SCENE, n. [Fr. id.; L. scena; Gr. σκηνη, Heb. שבן, to dwell; Ch. to subside, to settle; Syr. to come or fall on; Ar. سَكَنَ sakana, to be firm, stable, quiet, to set or establish, to quiet or cause to rest. Class Gn, No. 43, 44. The Gr. word signifies a tent, hut or cottage. In L. it is an arbor or stage. The primary sense is to set or throw down.]

  1. A stage; the theater or place where dramatic pieces and other shows are exhibited. It does not appear that the ancients changed the scenes in different parts of the play. Indeed the original scene for acting was an open plat of ground, shaded or slightly covered. – Encyc.
  2. The whole series of actions and events connected and exhibited; or the whole assemblage of objects displayed at one view. Thus we say, the execution of a malefactor is a melancholy scene. The crucifixion of our Saviour was the most solemn scene ever presented to the view of man. We say also, a scene of sorrow or of rejoicing, a noble scene, a sylvan scene. A charming scene of nature is display'd. – Dryden.
  3. A part of a play; a division of an act. A play is divided into acts, and acts are divided into scenes.
  4. So much of an act of a play as represents what passes between the same persons in the same place. – Dryden.
  5. The place represented by the stage. The scene was laid in the king's palace.

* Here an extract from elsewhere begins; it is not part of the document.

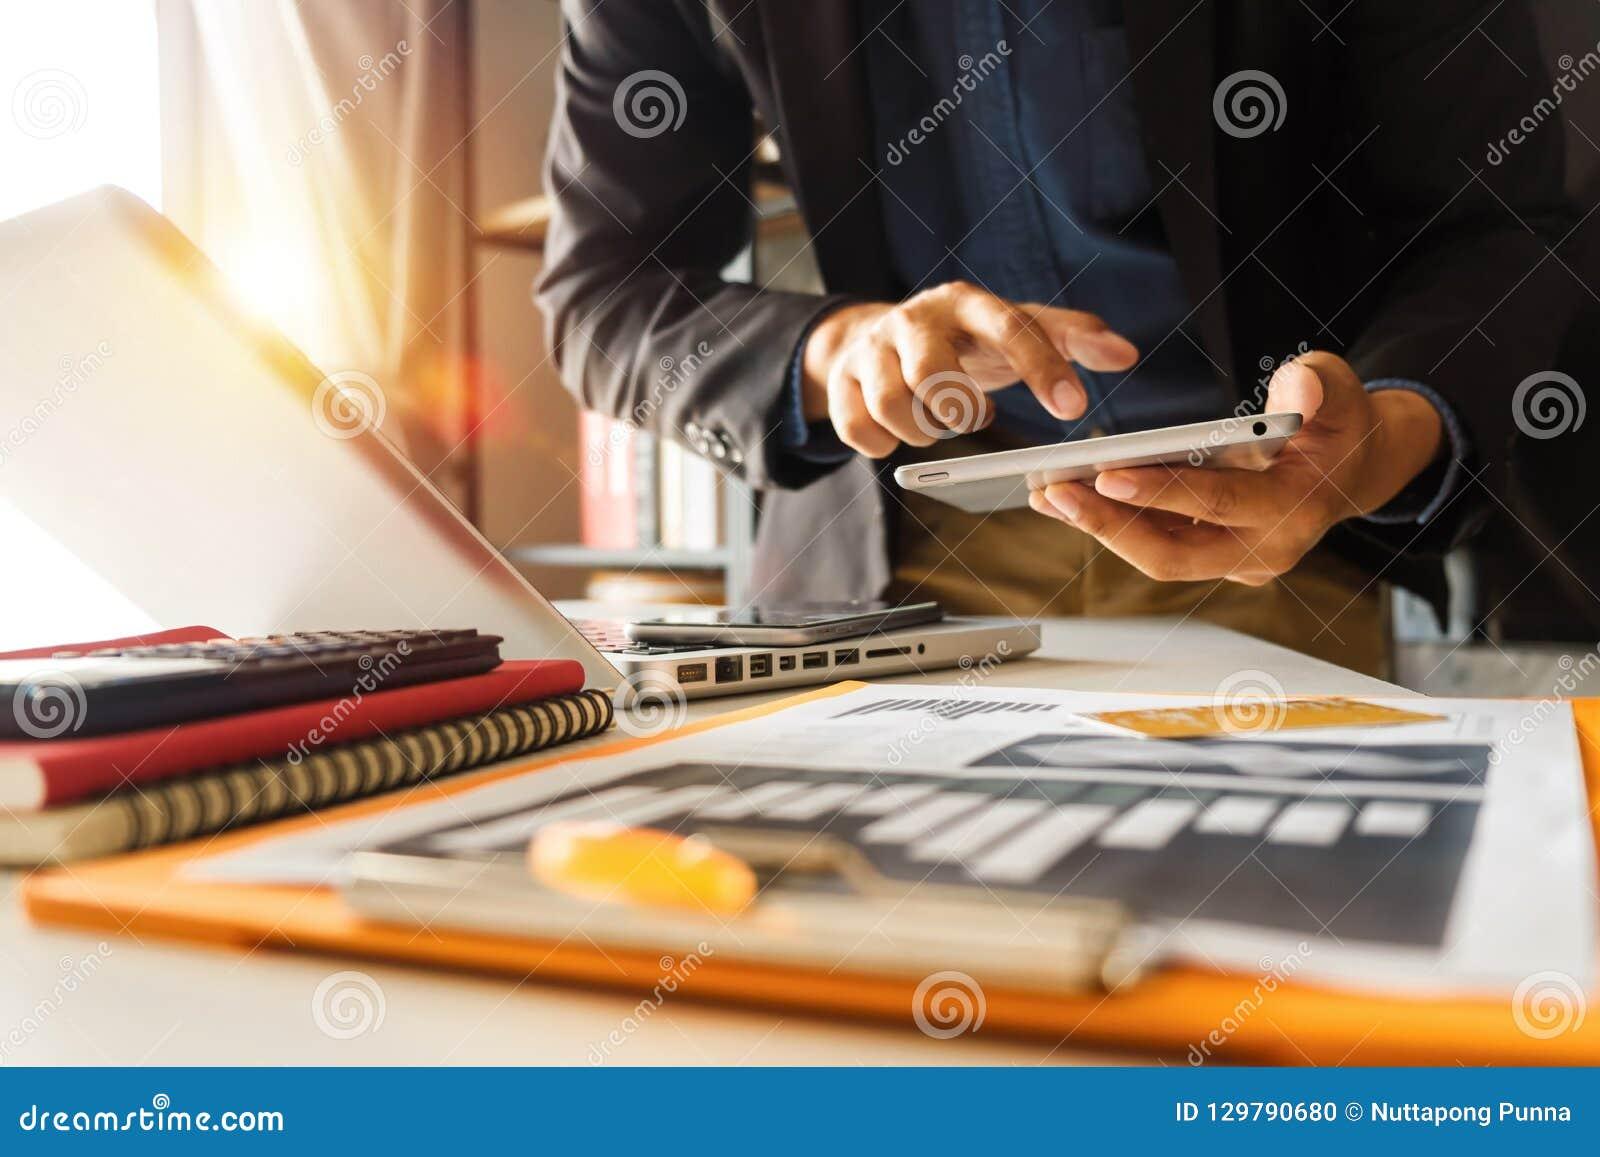 Zaken met sociaal netwerkdiagram met digitale tabletcomputer

  6. The curtain or hanging of a theater adapted to the play.
  7. The place where any thing is exhibited. The world is a vast scene of strife. – J. M. Mason.
  8. Any remarkable exhibition. The shepherds, while watching their flocks upon the plain of Bethlehem, were suddenly interrupted by one of the most sublime and surprising scenes which have ever been exhibited on earth. – W. D. Sprague.